Calm and dignified in a world hugging the down slope, CunninLynguists present ‘Rose Azuro Njano’; funk and blues taking to the stage and taking responsibility to provide both salvation and eloquent discussion, standing up without sugar-coating it. When pushing ‘Music I Wanna Make’, John Reilly comes up with a respect earner, him and Rediculus on production taking no shortcuts with beats and bars built to stick around.
Thavius Beck’s gravitational pull on ‘Technol OG’ vaporises dancefloors, with dictionaries a close second. Blasting out descrambled sonic challenges to rip glitterballs off their axis in 30 minutes, Beck’s seasoned interstellar highwayman act, available on amazing-looking gold vinyl, grabs the game by the balls as if the whole world is in his hands.
Guided by Jonwayne to the brink and back on the boards, a bluesy wait for psychedelics to take effect, Danny Watts has the ability to take a look around before sounding like one of hip-hop’s coldest. Watts shifting his peripheral vision can be your best friend and worst enemy, as well as his own when cruising and concealing turmoil. Houston’s Watts is a champion, and another threat to the end of year monopoly.

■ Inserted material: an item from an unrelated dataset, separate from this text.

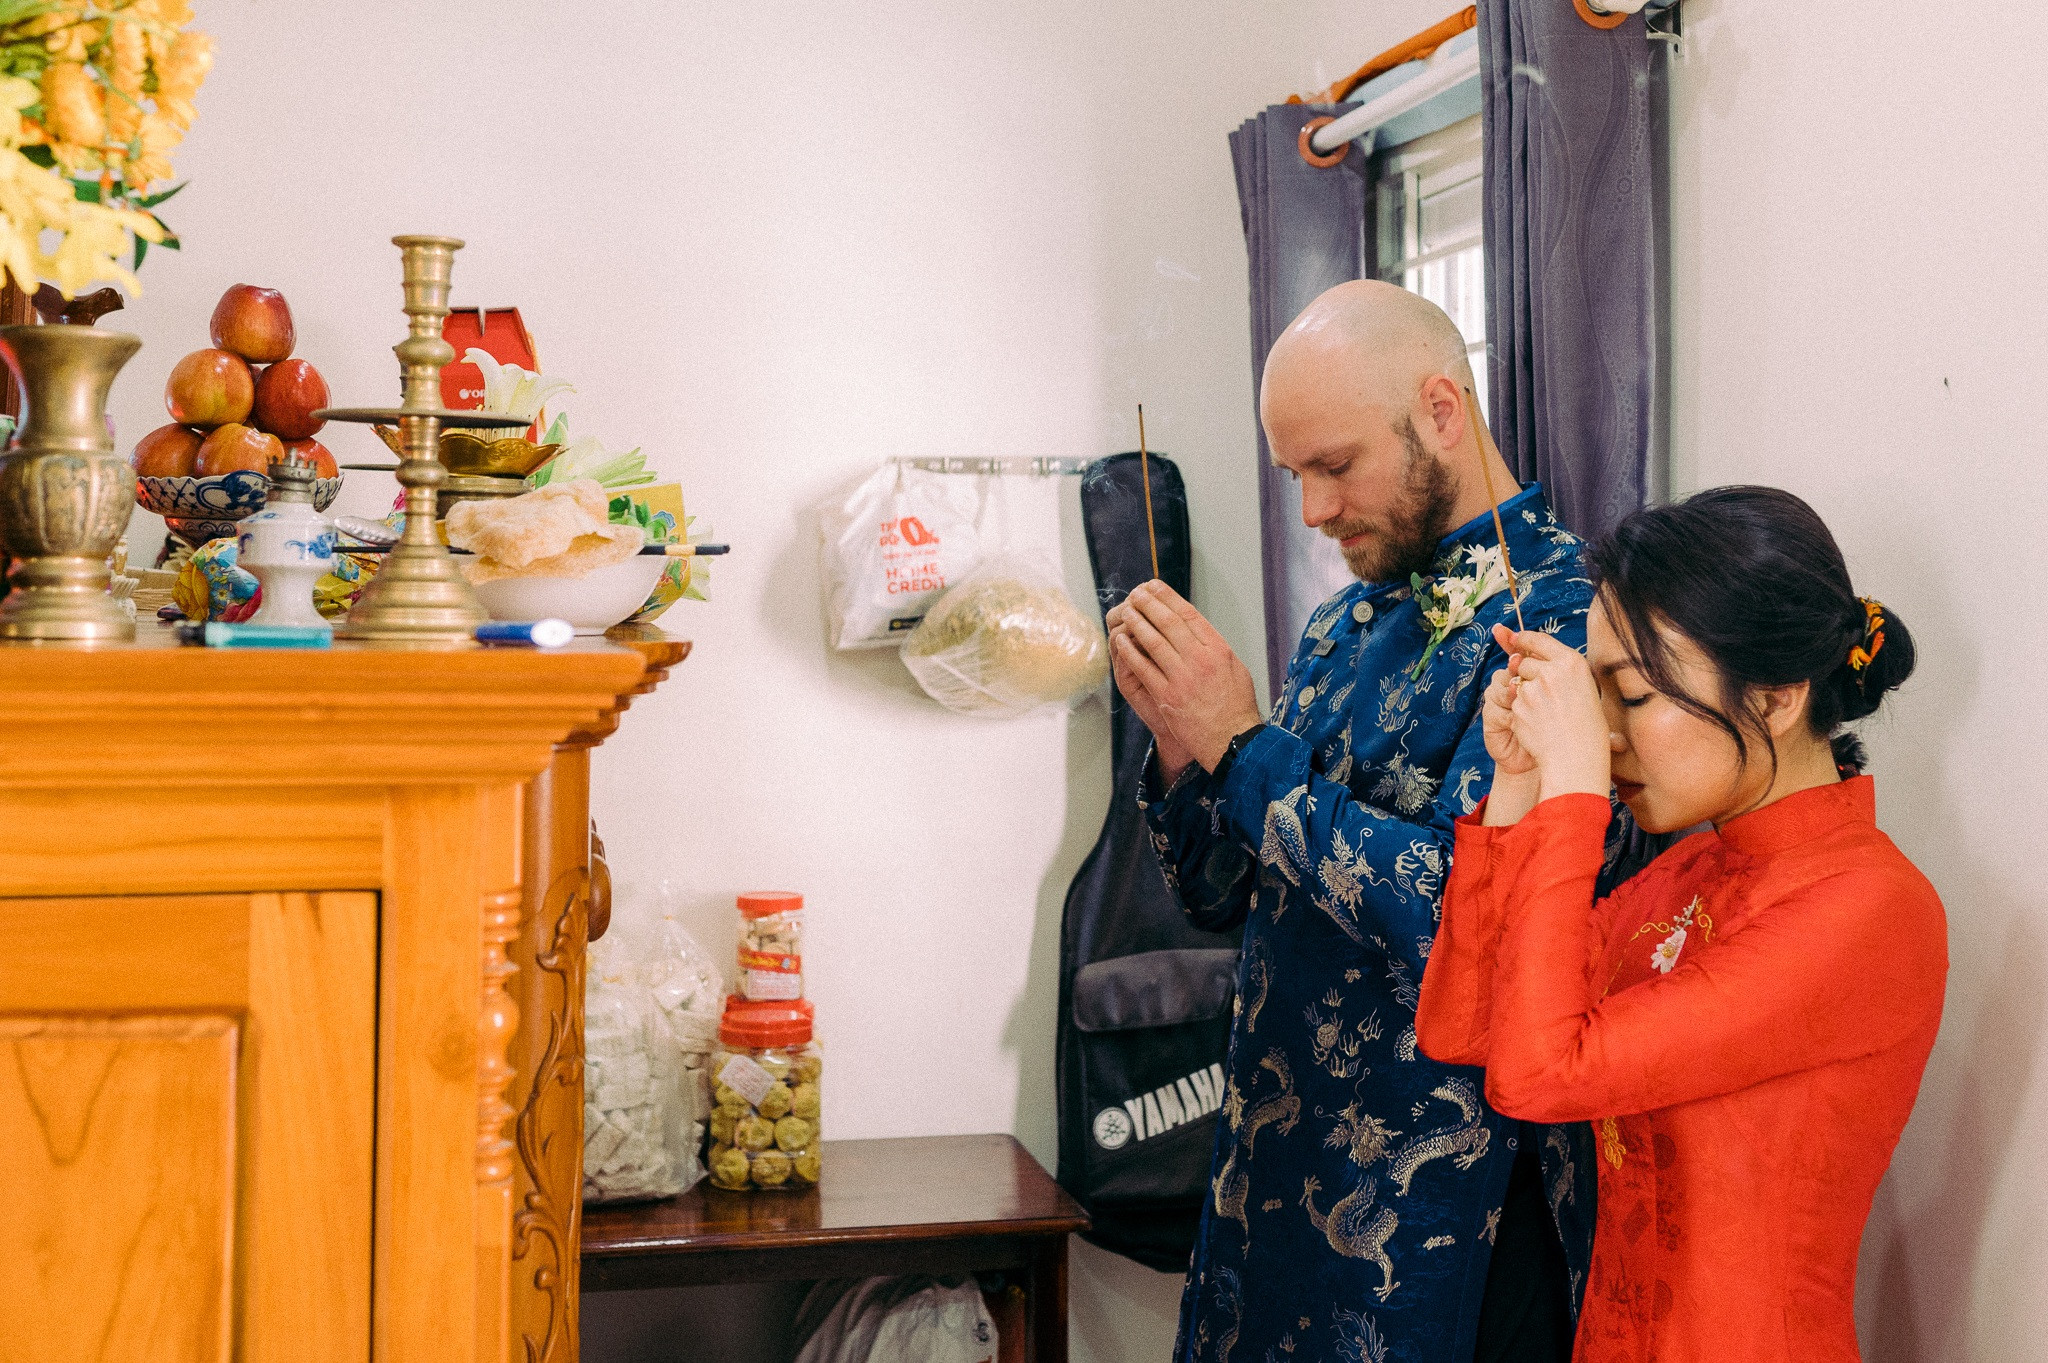 Đám cưới cây nhà lá vườn của vợ Việt, chồng Tây gây sốt mạng xã hội - 2

The million dollar Wu-Tang sound gets caught in familiar post-dynasty malaise when Masta Killa asserts ‘Loyalty is Royalty’. Despite a lot of clansmen coming through – Method Man, RZA, GZA, Inspectah Deck, Cappadonna – it’s an album rooted in indifference. Even bigger shrugs are reserved for PMD’s ‘Business Mentality’. Swamped in guests – Ace Brav and RJ da Realst should really be co-headliners – and rugged beats overwhelming the solitary smooth ones, this business lacks legs to move up the ladder. An Erick Sermon appearance on the prescient ‘The Real is Gone’ fails to provide a saving grace on a project playing catch-up.
As angels and demons battle for room on his shoulders, Denzil Porter details the ‘Semantics of Mr Porter’ with Kendrick Lamar/Big Sean sensibilities, digitally precise roughhousing, mainstream accessibility with beats and hooks to hang onto, and developed narratives you might not expect after blustery opening exchanges. A new volume of ‘The Good Book’ from the collar-poppin’ Alchemst & Budgie turns the booth into a confessional for a lengthy second sermon, unofficially defined by the former reaching out to the recognised underground and the latter introducing a flock to follow up on. Flipping religious recordings and soundbites into an immaculately packaged soul-soaked baptism, Royce 5’9″, Westside Gunn & Conway, Meyhem Lauren, Durag Dynasty, Your Old Droog, Evidence and Jeremiah Jae are part of the mass chewing on titbits and spreading thoughts to take home.
Mixtapes
Your first stop for a commemorative throwdown, Hellee Hooper gives it some golden age largesse with Diamond D’s ‘Stunts, Blunts and Hip-Hop’ given a 25-year salute. Comprised of the usual congratulatory handshake of source material, samples and remixes, you’ll struggle to find a funkier 55 minutes this year.
Nowt on telly? Try Skipp Whitman’s shopping channel, Chairman Maf’s anarchist cookbook and Murs rewriting the classics.